Security Features (Production Mode)

Differential Privacy

• Server-side DP — Gaussian noise added to aggregate (Flower strategy wrapper)
• Client-side DP-SGD — per-example gradient clipping via Opacus
• AutoClip — automatic gradient normalization, eliminating clipping norm tuning (Li et al., NeurIPS 2023)
• Ghost Clipping — memory-efficient two-pass DP-SGD, O(B+P) instead of O(B*P) (Li et al., 2022)
• PLD/PRV accounting — tight (ε,δ)-DP tracking via dp-accounting (PLD) or prv_accountant (PRV with error bounds)
• Configurable PRV precision — eps_error default 0.01 for ±1% epsilon accuracy (PR #36)
• Shuffle-model amplification — tighter central ε via anonymous channel (Feldman et al., 2021)
• Automatic budget enforcement — training auto-stops when ε exceeds budget
• Adaptive clipping — geometric norm update (Andrew et al. 2021) with optional noisy quantile
• Per-layer clipping — independent L2 clips per parameter tensor (Yu et al., ICLR 2022)
• Joint composition — server + client DP-SGD epsilon composed via sequential theorem
• Auxiliary composition — compose_auxiliary() for adaptive clip/SVT DP costs via ComposedDpEvent (PR #36)
• Noise calibration — calibrate_gaussian_sigma() computes minimal noise for target (ε,δ)

Privacy Filters

• PercentilePrivacy — top-K% sparsification with optional calibrated noise
  • Adaptive K accounting — when K is data-dependent, epsilon is split ε/3 (selection) + 2ε/3 (noise) for formal DP guarantee. Use fixed_k for data-independent sensitivity and full epsilon allocation (PR #37)
• SVT — Sparse Vector Technique with optimal budget allocation (Lyu et al. 2017)
  • Enhanced observability — svt_acceptance_rate metric, low-acceptance warnings (PR #36)
• Gradient Compression — TopK / random masking with (ε,δ)-calibrated noise and error feedback
• ExcludeVars — zero out sensitive layers (embeddings, classifier heads)
• Partial Freezing — strip frozen layers from updates to reduce SecAgg overhead (Lambda-SecAgg)
  • Shape reconstruction — frozen layer shapes stored in _frozen_shapes metric for correct server-side restoration (PR #36)

Privacy Auditing

• PrivacyAuditor — empirical DP validation via canary gradient analysis (PR #37)
  • run_audit() — basic canary-vs-random cosine similarity measurement
  • run_pipeline_audit() — sends canary gradients through actual Flower client mods (SVT, percentile, compression) and measures information leakage end-to-end
  • Exported from sfl.privacy for programmatic use

Byzantine Robustness

• Multi-Krum — tolerates up to f Byzantine clients (Blanchard et al., NeurIPS 2017)
  • JL projection — CSRNG-seeded random projection for high-dimensional updates, preventing adversary pre-computation (PR #36)
  • Update norm verification — verify_update_norms() rejects oversized updates server-side (PR #36)
• Trimmed Mean — coordinate-wise outlier trimming (Yin et al., ICML 2018)
• FoundationFL — trust scoring via cosine similarity to root dataset (NDSS 2025)
  • Mandatory root update — requires root_update or explicit allow_untrusted_reference=True to prevent Byzantine majority from manipulating client mean (PR #37)

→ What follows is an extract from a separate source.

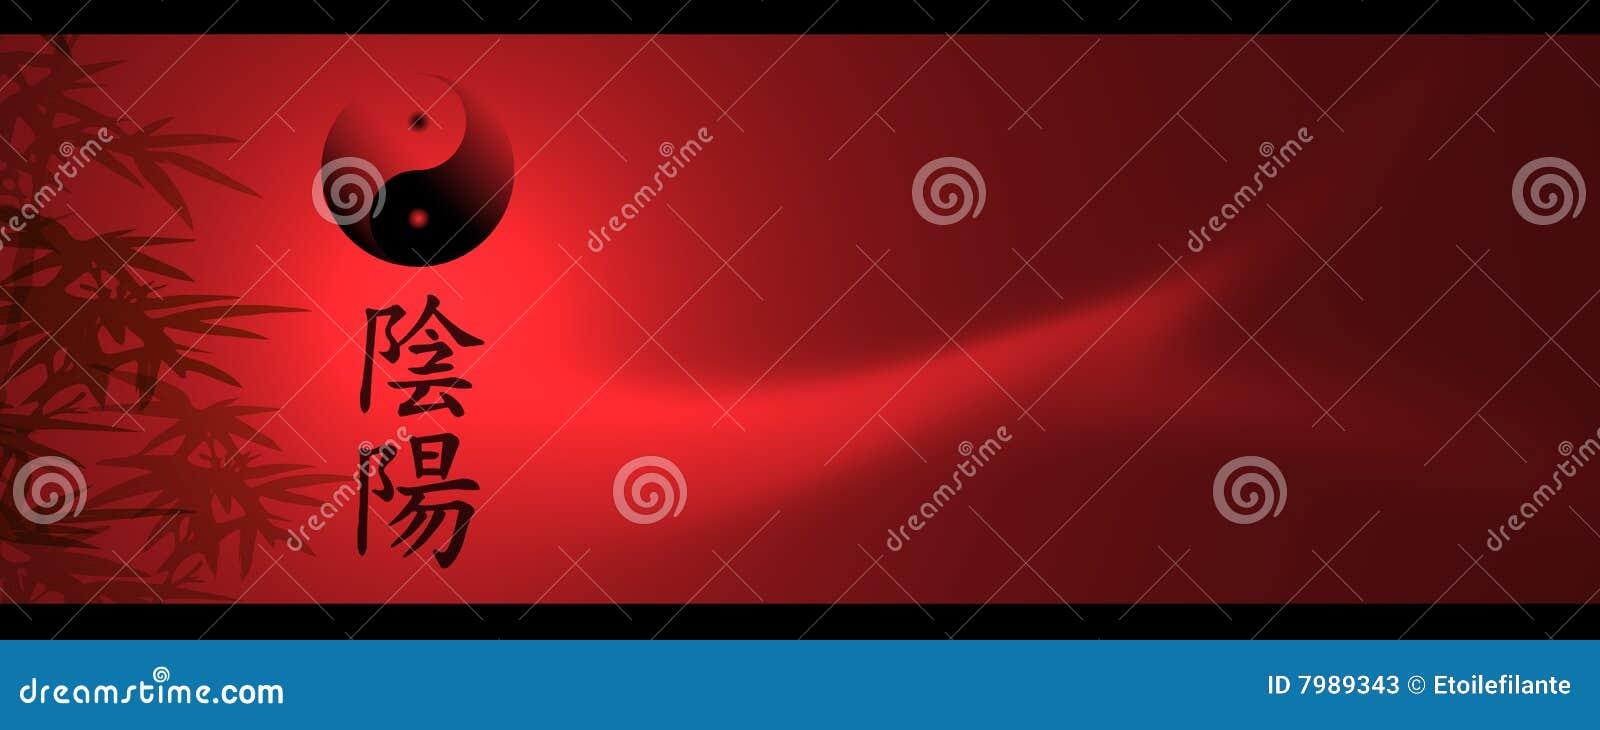 banner yin yang red black stock illustration illustration

Secure Aggregation & Encryption

• SecAgg+ — Flower's secret-sharing protocol; server sees only the aggregate
  • Threshold enforcement — reconstruction_threshold < ceil(2*num_shares/3) now raises ValueError instead of warning (PR #36)
• Partial Freezing — reduces SecAgg cost by sending only trainable layers
• Homomorphic Encryption — TenSEAL CKKS for encrypted aggregation (demo-scale)

TLS/SSL Encryption

• All communication encrypted with certificates
• Mutual TLS (mTLS) authentication

Authorization

• Role-based access control (RBAC)
• Job-level permissions

Audit Logging

• All actions logged
• Compliance-ready audit trail

---

Recommended Progression

1. Start: Use Flower simulation (python jobs/esm2_runner.py) for development
2. Test: Use NVFlare POC mode (python jobs/esm2_runner.py --backend nvflare-poc) for integration testing
3. Stage: Use Provision mode for staging environment
4. Deploy: Full production with TLS + monitoring

---

License

MIT License - See LICENSE file for details.